** TASK DESCRIPTION **
Please copy the data below exactly; none of the pictures in it belong in the copy.

** SUPPLIED DATA **
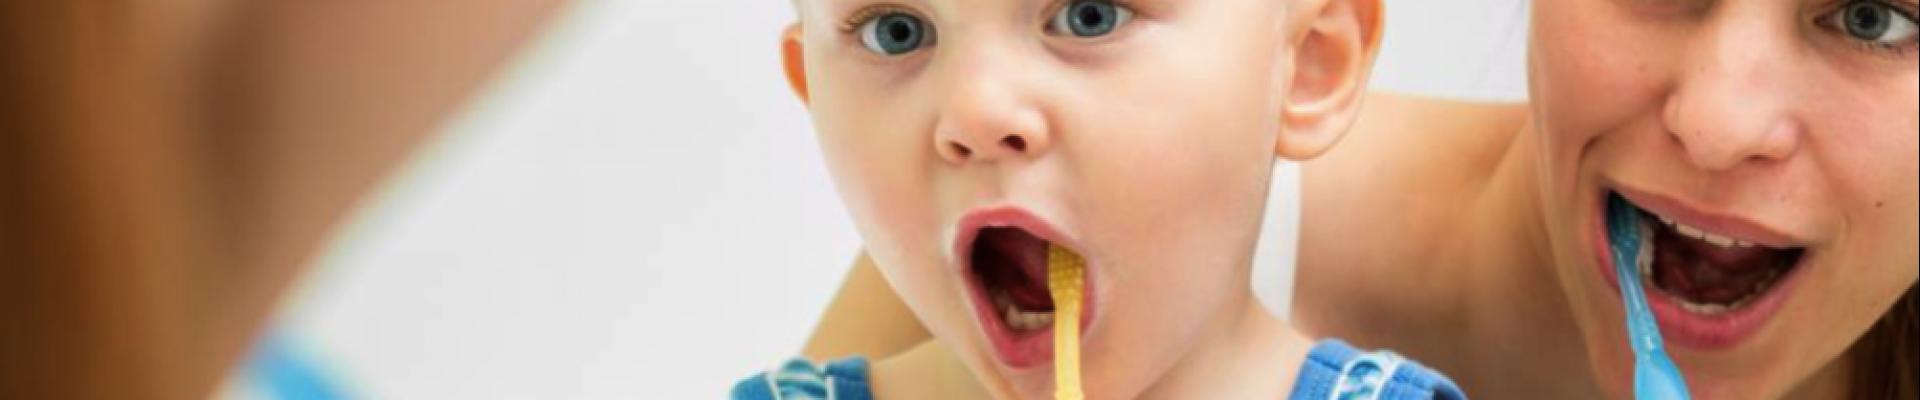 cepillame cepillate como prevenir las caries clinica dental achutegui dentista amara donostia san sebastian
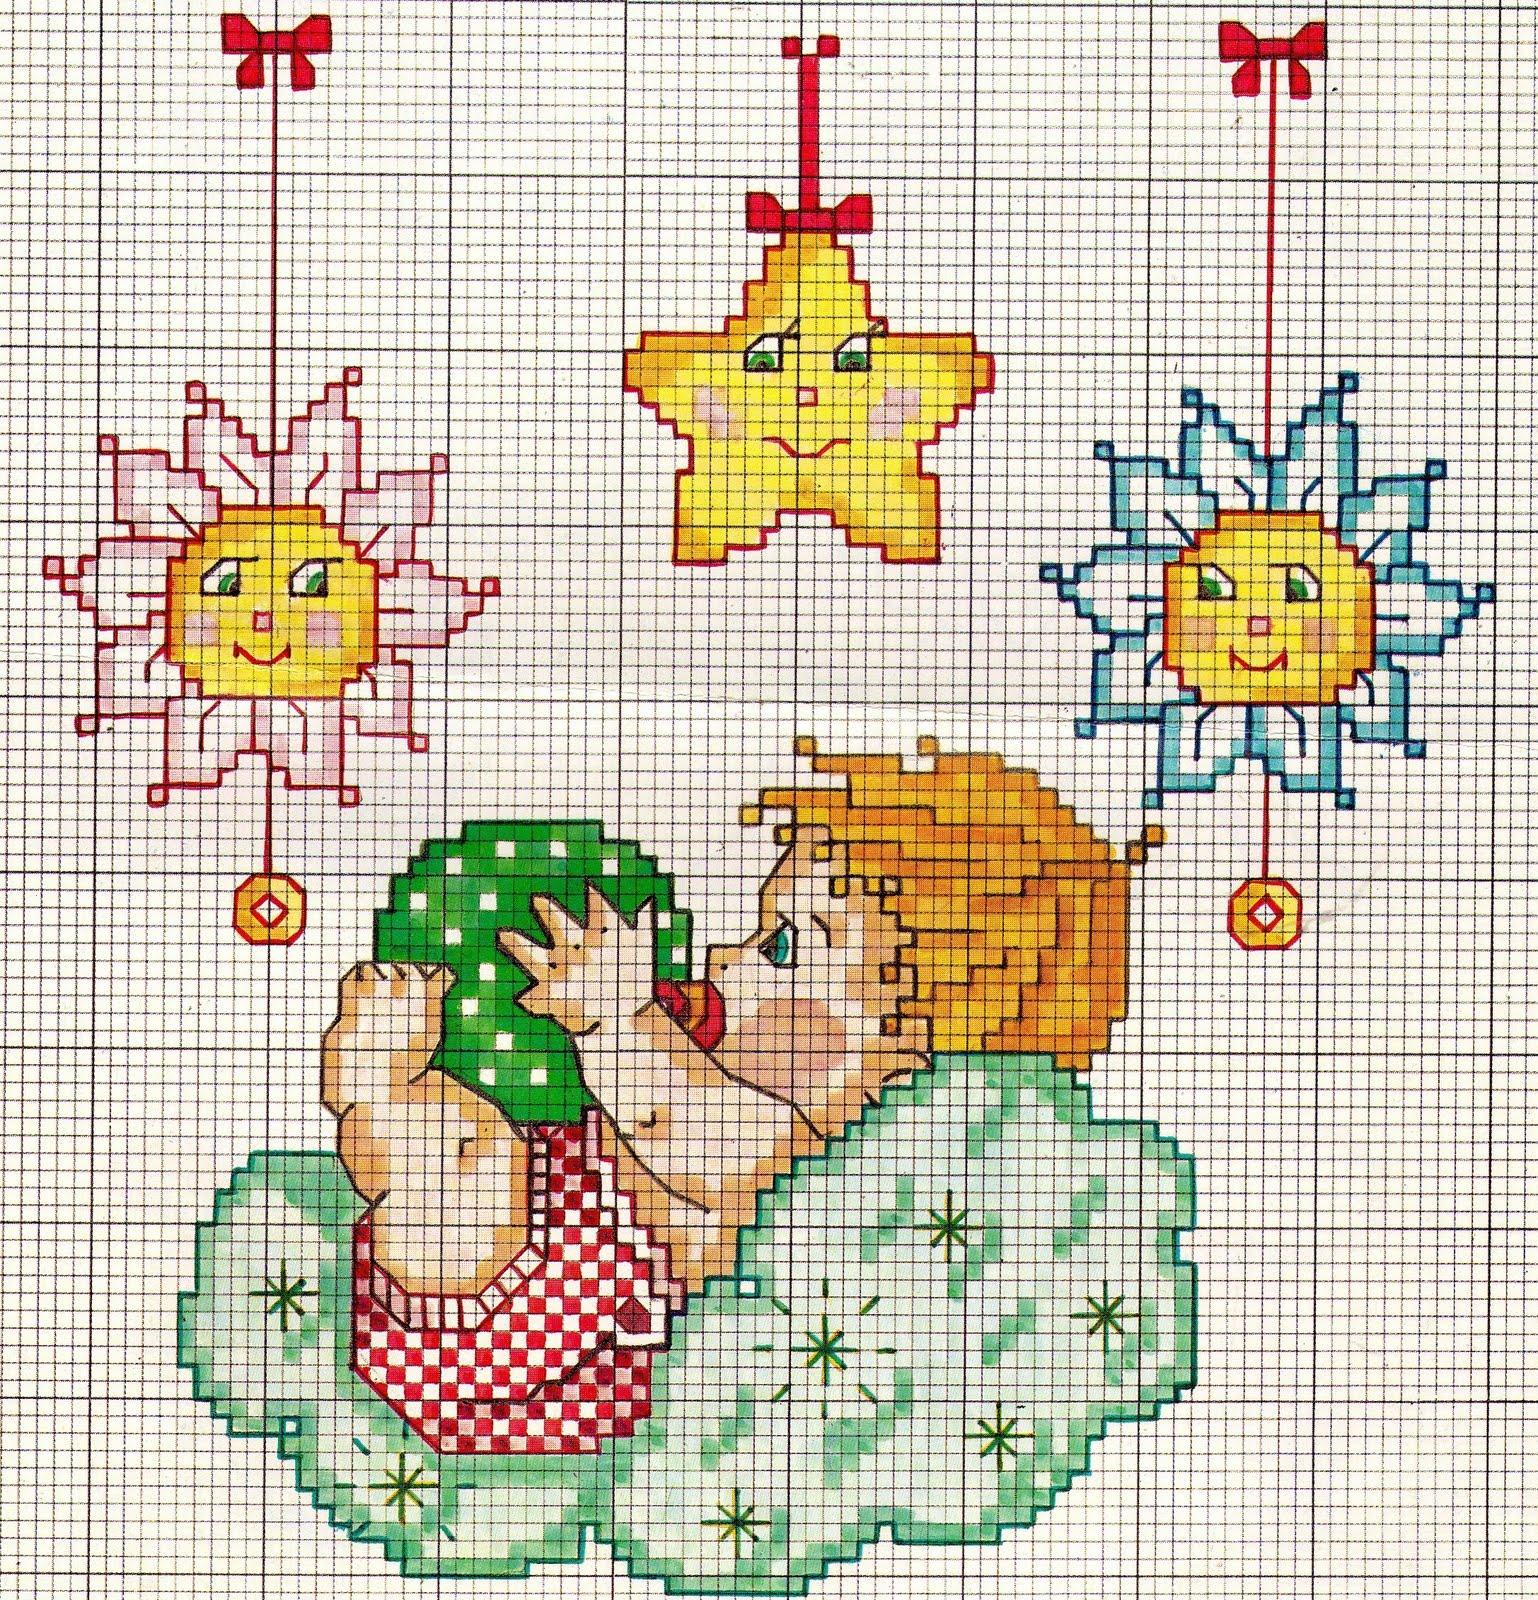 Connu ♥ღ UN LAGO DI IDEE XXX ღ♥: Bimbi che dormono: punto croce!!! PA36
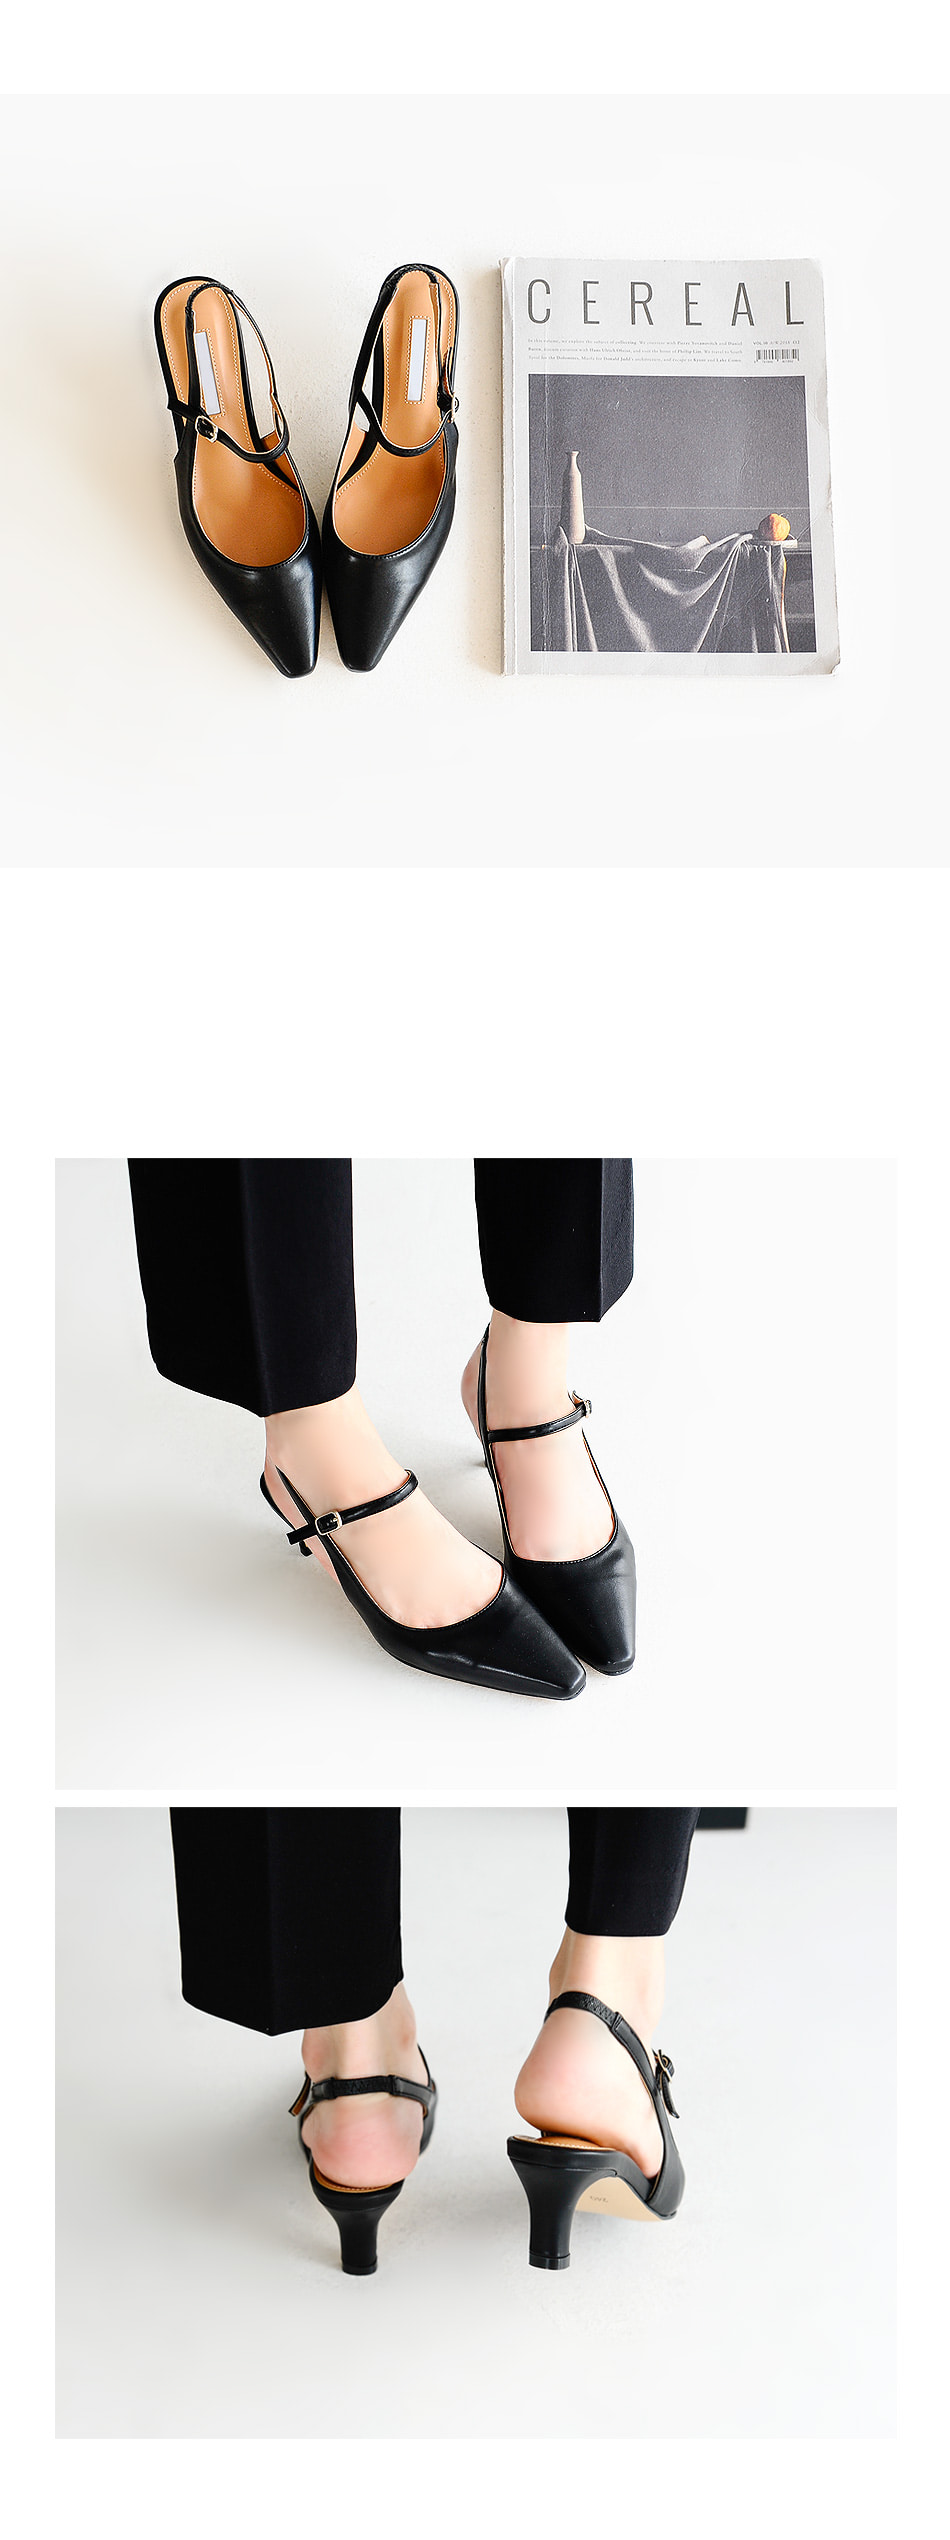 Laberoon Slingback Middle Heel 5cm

** TASK RESULT **
 cepillame cepillate como prevenir las caries clinica dental achutegui dentista amara donostia san sebastian
 Connu ♥ღ UN LAGO DI IDEE XXX ღ♥: Bimbi che dormono: punto croce!!! PA36
 Laberoon Slingback Middle Heel 5cm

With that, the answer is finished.